BEGIN INFORMATION GIVEN

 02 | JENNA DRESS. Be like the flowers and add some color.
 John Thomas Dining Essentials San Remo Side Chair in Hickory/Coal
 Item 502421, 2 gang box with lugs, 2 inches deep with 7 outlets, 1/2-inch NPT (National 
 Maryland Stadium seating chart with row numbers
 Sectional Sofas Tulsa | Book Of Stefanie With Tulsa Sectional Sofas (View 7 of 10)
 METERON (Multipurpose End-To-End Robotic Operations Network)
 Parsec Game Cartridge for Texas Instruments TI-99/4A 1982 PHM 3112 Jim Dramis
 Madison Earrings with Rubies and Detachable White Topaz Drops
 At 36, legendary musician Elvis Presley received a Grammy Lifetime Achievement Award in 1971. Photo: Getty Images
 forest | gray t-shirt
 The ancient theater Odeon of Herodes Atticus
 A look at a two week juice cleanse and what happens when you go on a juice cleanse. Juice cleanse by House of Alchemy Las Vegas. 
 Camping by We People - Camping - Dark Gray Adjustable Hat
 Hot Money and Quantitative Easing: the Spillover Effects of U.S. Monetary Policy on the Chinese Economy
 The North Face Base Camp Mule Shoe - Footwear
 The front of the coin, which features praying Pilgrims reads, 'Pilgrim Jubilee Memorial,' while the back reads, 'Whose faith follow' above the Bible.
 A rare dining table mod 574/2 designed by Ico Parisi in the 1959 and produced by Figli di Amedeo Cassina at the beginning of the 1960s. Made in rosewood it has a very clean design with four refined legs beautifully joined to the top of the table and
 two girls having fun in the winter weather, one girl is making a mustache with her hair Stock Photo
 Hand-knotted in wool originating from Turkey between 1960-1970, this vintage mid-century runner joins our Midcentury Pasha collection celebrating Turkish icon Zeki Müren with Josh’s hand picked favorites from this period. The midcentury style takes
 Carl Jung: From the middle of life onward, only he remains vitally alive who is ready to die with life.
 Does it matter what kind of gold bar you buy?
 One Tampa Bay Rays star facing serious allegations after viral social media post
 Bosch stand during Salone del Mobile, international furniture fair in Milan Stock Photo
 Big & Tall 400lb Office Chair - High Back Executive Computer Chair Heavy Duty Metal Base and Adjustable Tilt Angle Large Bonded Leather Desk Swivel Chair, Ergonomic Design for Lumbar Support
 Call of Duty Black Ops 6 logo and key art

END INFORMATION GIVEN

■ EXERCISE DETAILS:
In the records, locate each line holding the string "what" and copy it.

■ REPLY TO THE EXERCISE:
 A look at a two week juice cleanse and what happens when you go on a juice cleanse. Juice cleanse by House of Alchemy Las Vegas. 
 Does it matter what kind of gold bar you buy?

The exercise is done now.